The input hash includes:
- Model identifier
- Prompt text
- Generation parameters (temperature, seed, max_tokens, etc.)

The output hash covers the generated text, allowing collaborators to verify they obtained matching results.

### Hashes with explore()

For multi-model comparisons, `explore()` computes hashes per model:

```{r}
res <- explore(
  models = models,
  prompts = template_builder,
  hash = TRUE
)

# View hashes for each model
hash_df <- attr(res, "hashes")
print(hash_df)
```

```
#>   model_id                         input_hash                        output_hash
#> 1  gemma4b a3f2b8c9d4e5f6a7b8c9d0e1f2a3b4c5... b4c5d6e7f8a9b0c1d2e3f4a5b6c7d8e9...
#> 2  llama3b c5d6e7f8a9b0c1d2e3f4a5b6c7d8e9f0... d6e7f8a9b0c1d2e3f4a5b6c7d8e9f0a1...
```

Set `hash = FALSE` to disable hash computation if not needed.

## Automatic Documentation

Use `document_start()` and `document_end()` to capture everything that happens during your analysis.
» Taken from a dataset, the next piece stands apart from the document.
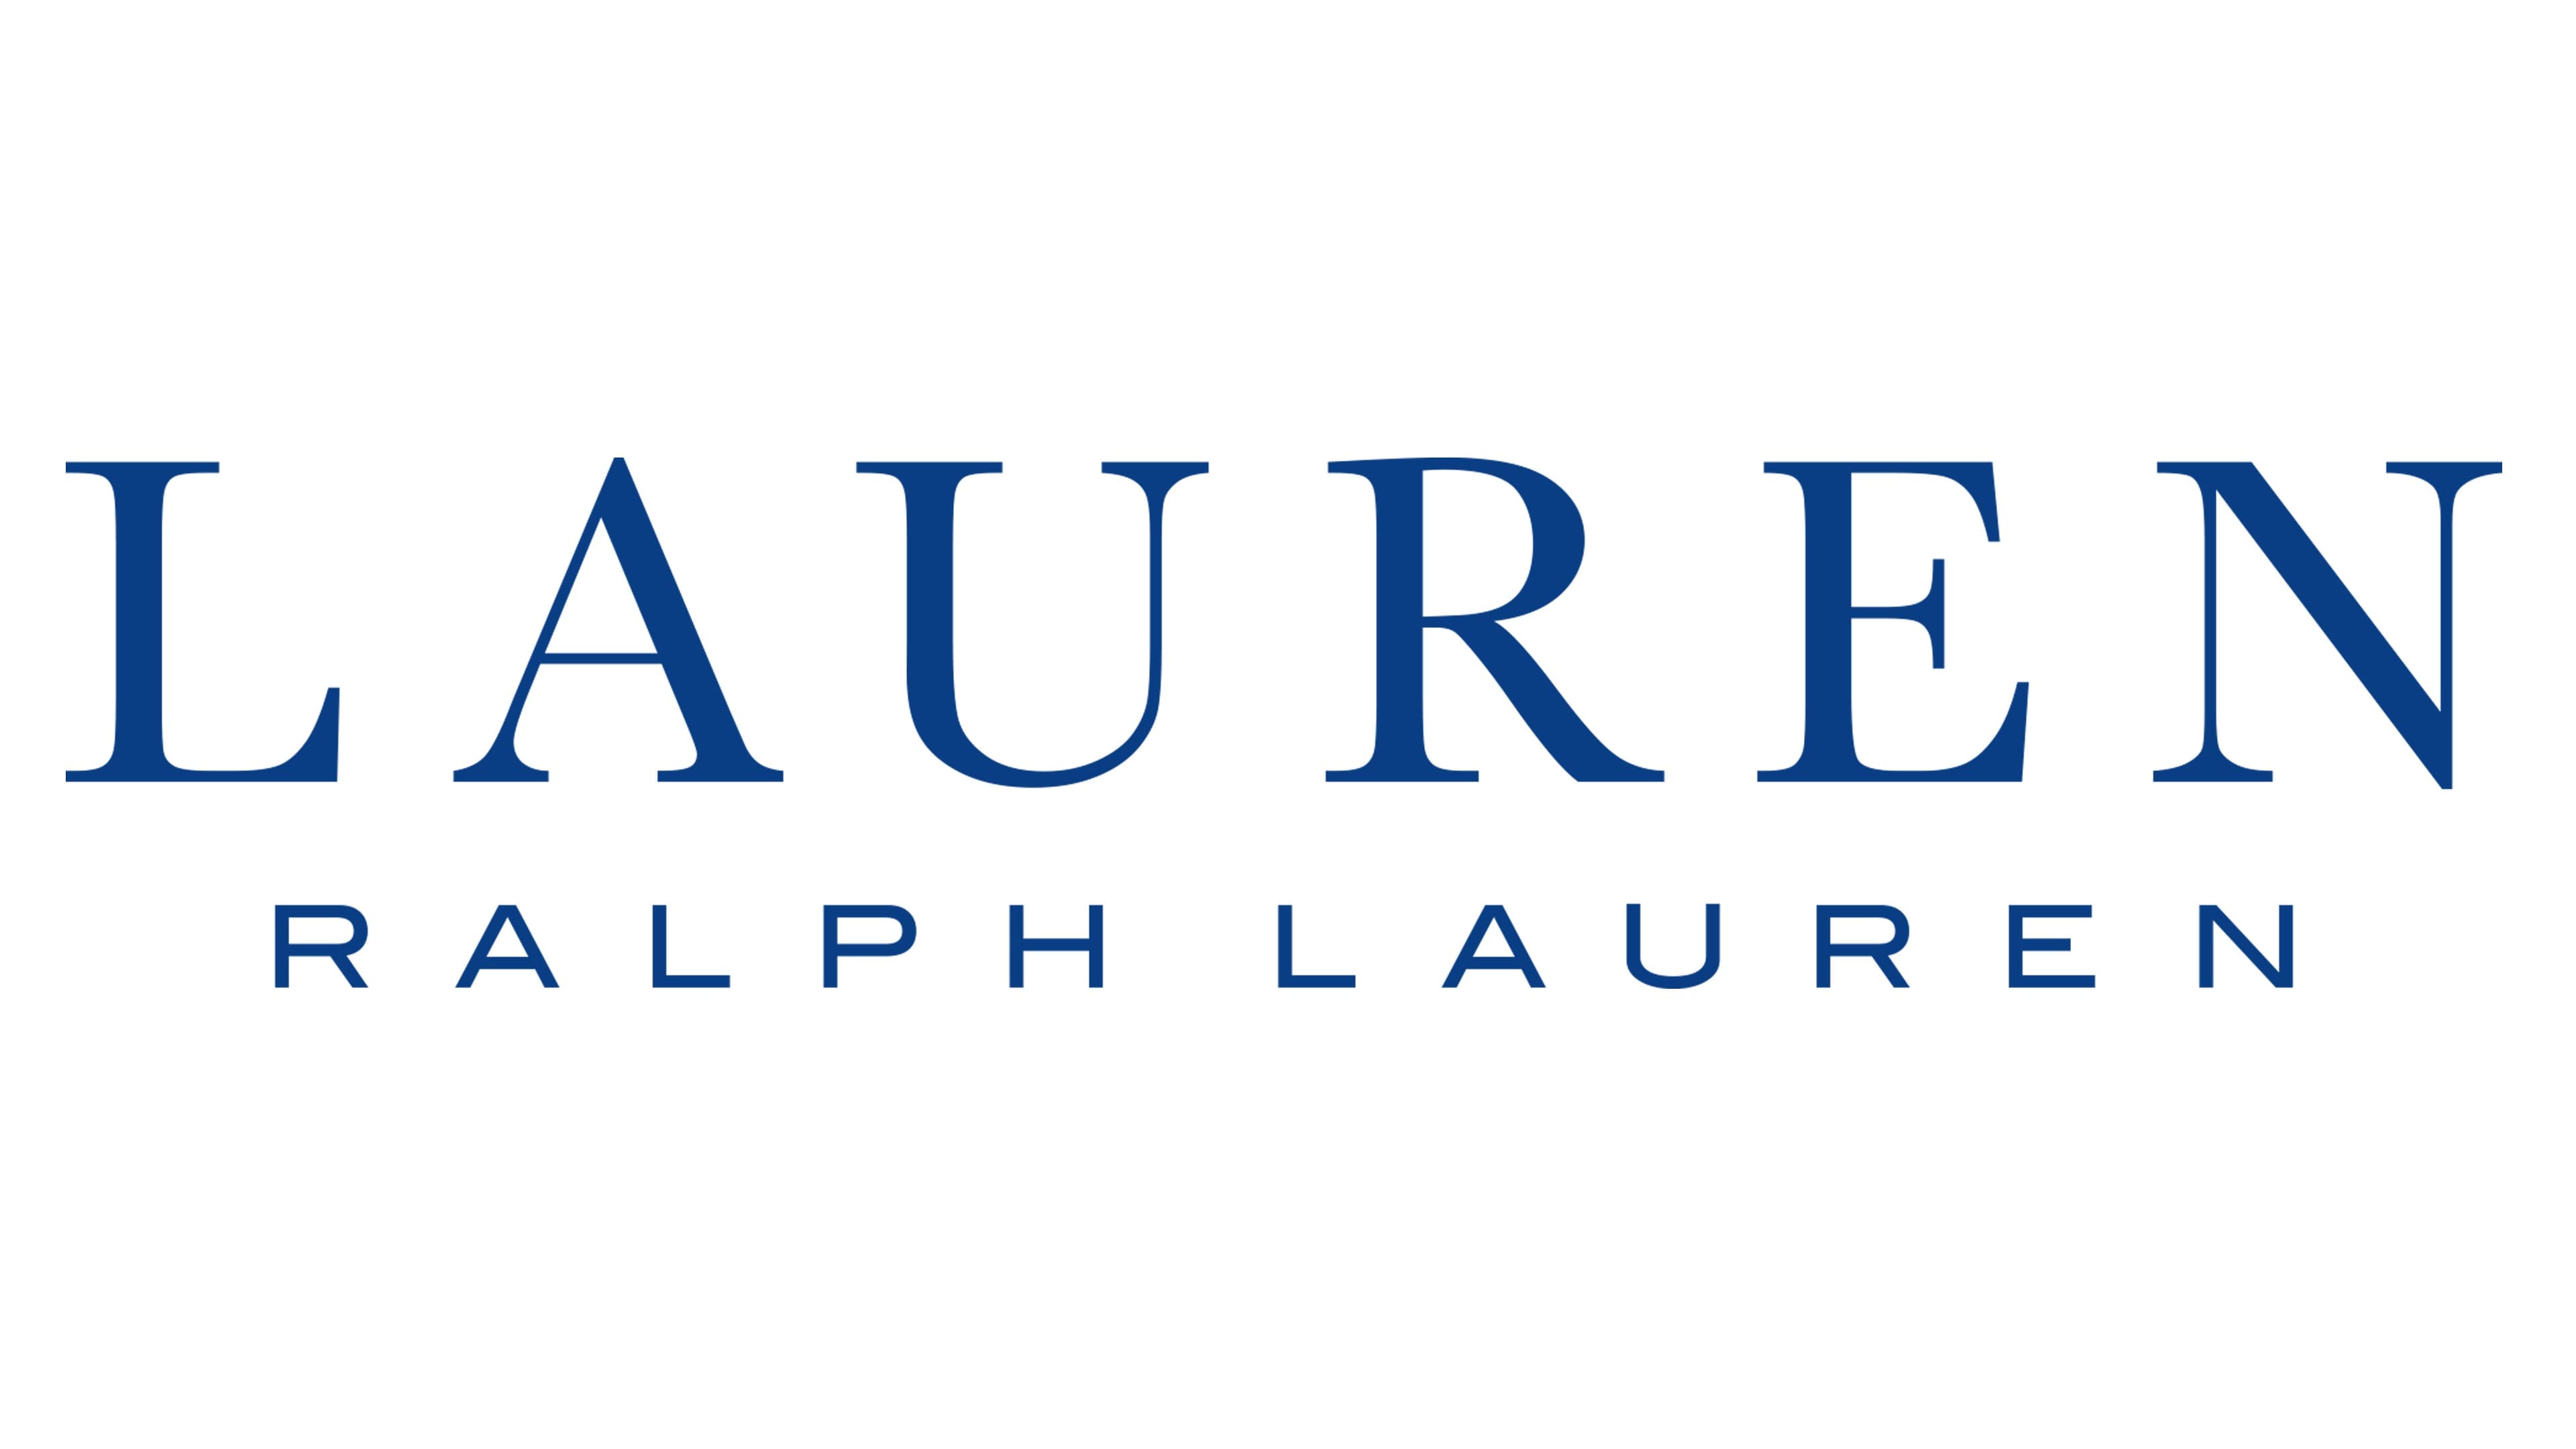 Lauren Ralph Lauren Logo and symbol, meaning, history, PNG, brand

The log records:

- Timestamps
- Model metadata (paths, parameters)
- Summaries of function calls
- SHA-256 fingerprint of the entire run

```{r}
# Start documentation
document_start(path = "analysis-log.txt")

# Run your analysis
result1 <- quick_llama("Classify this text: 'Great product!'")
result2 <- explore(models = models, prompts = prompts)

# End documentation
document_end()
```

The log file contains a complete audit trail:

```
localLLM Run Log
File: /path/to/analysis-log.txt
Started: 2025-01-15 14:30:22 EST
Ended: 2025-01-15 14:35:12 EST
Duration: 289.9 seconds

Events:
- [2025-01-15 14:30:22 EST] document_start
    {
      "package_version": "1.2.1",
      "r_version": "4.4.1",
      "platform": "aarch64-apple-darwin22.6.0",
      "os": "Darwin",
      "user": "researcher",
      "working_directory": "/home/user/analysis"
    }

- [2025-01-15 14:30:25 EST] quick_llama
    {
      "model": "Llama-3.2-3B-Instruct-Q5_K_M.gguf",
      "prompt_count": 1,
      "n_gpu_layers": 999,
      "n_ctx": 2048,
      "max_tokens": 100,
      "temperature": 0,
      "seed": 1234,
      "auto_format": true,
      "clean": false
    }

- [2025-01-15 14:30:25 EST] quick_llama_hash
    {
      "input_hash": "a3f2b8c9...",
      "output_hash": "b4c5d6e7..."
    }

- [2025-01-15 14:35:12 EST] document_end
    {
      "duration_seconds": 289.9,
      "total_events": 4
    }

Hash (SHA-256): e7f8a9b0c1d2e3f4a5b6c7d8e9f0a1b2...
```

## Best Practices for Reproducible Research

### 1. Always Set Seeds

Even with `temperature = 0`, explicitly setting seeds documents your intent:

```{r}
result <- quick_llama(
  "Analyze this text",
  temperature = 0,
  seed = 42  # Explicit for documentation
)
```

### 2. Log Your Environment

Record your setup at the start of analysis:

```{r}
# Check hardware profile
hw <- hardware_profile()
print(hw)
```

```
#> $os
#> [1] "Darwin"
#>
#> $cpu_cores
#> [1] 10
#>
#> $ram_total
#> [1] 17179869184
#>
#> $gpu
#> $gpu$name
#> [1] "Apple M2 Pro"
```

### 3. Use Document Functions for Audit Trails

Wrap your entire analysis in documentation calls:

```{r}
document_start(path = "my_analysis_log.txt")

# All your analysis code here
# ...

document_end()
```

### 4. Share Hashes for Verification

When publishing or sharing results, include hashes so others can verify:

```{r}
result <- quick_llama("Your prompt here", seed = 42)

# Report these in your paper/documentation
cat("Input hash:", attr(result, "hashes")$input, "\n")
cat("Output hash:", attr(result, "hashes")$output, "\n")
```

### 5. Version Control Your Models

Track which model versions you used:

```{r}
# List cached models with metadata
cached <- list_cached_models()
print(cached[, c("name", "size_bytes", "modified")])
```

## Summary

| Feature | Function/Parameter | Purpose |
|---------|-------------------|---------|
| Deterministic output | `temperature = 0` (default) | Same input = same output |
| Seed control | `seed = 42` | Reproducible stochastic generation |
| Hash verification | `attr(result, "hashes")` | Verify identical configurations |
| Audit trails | `document_start()`/`document_end()` | Complete session logging |
| Hardware info | `hardware_profile()` | Record execution environment |

With these tools, your LLM-based analyses become fully reproducible and verifiable.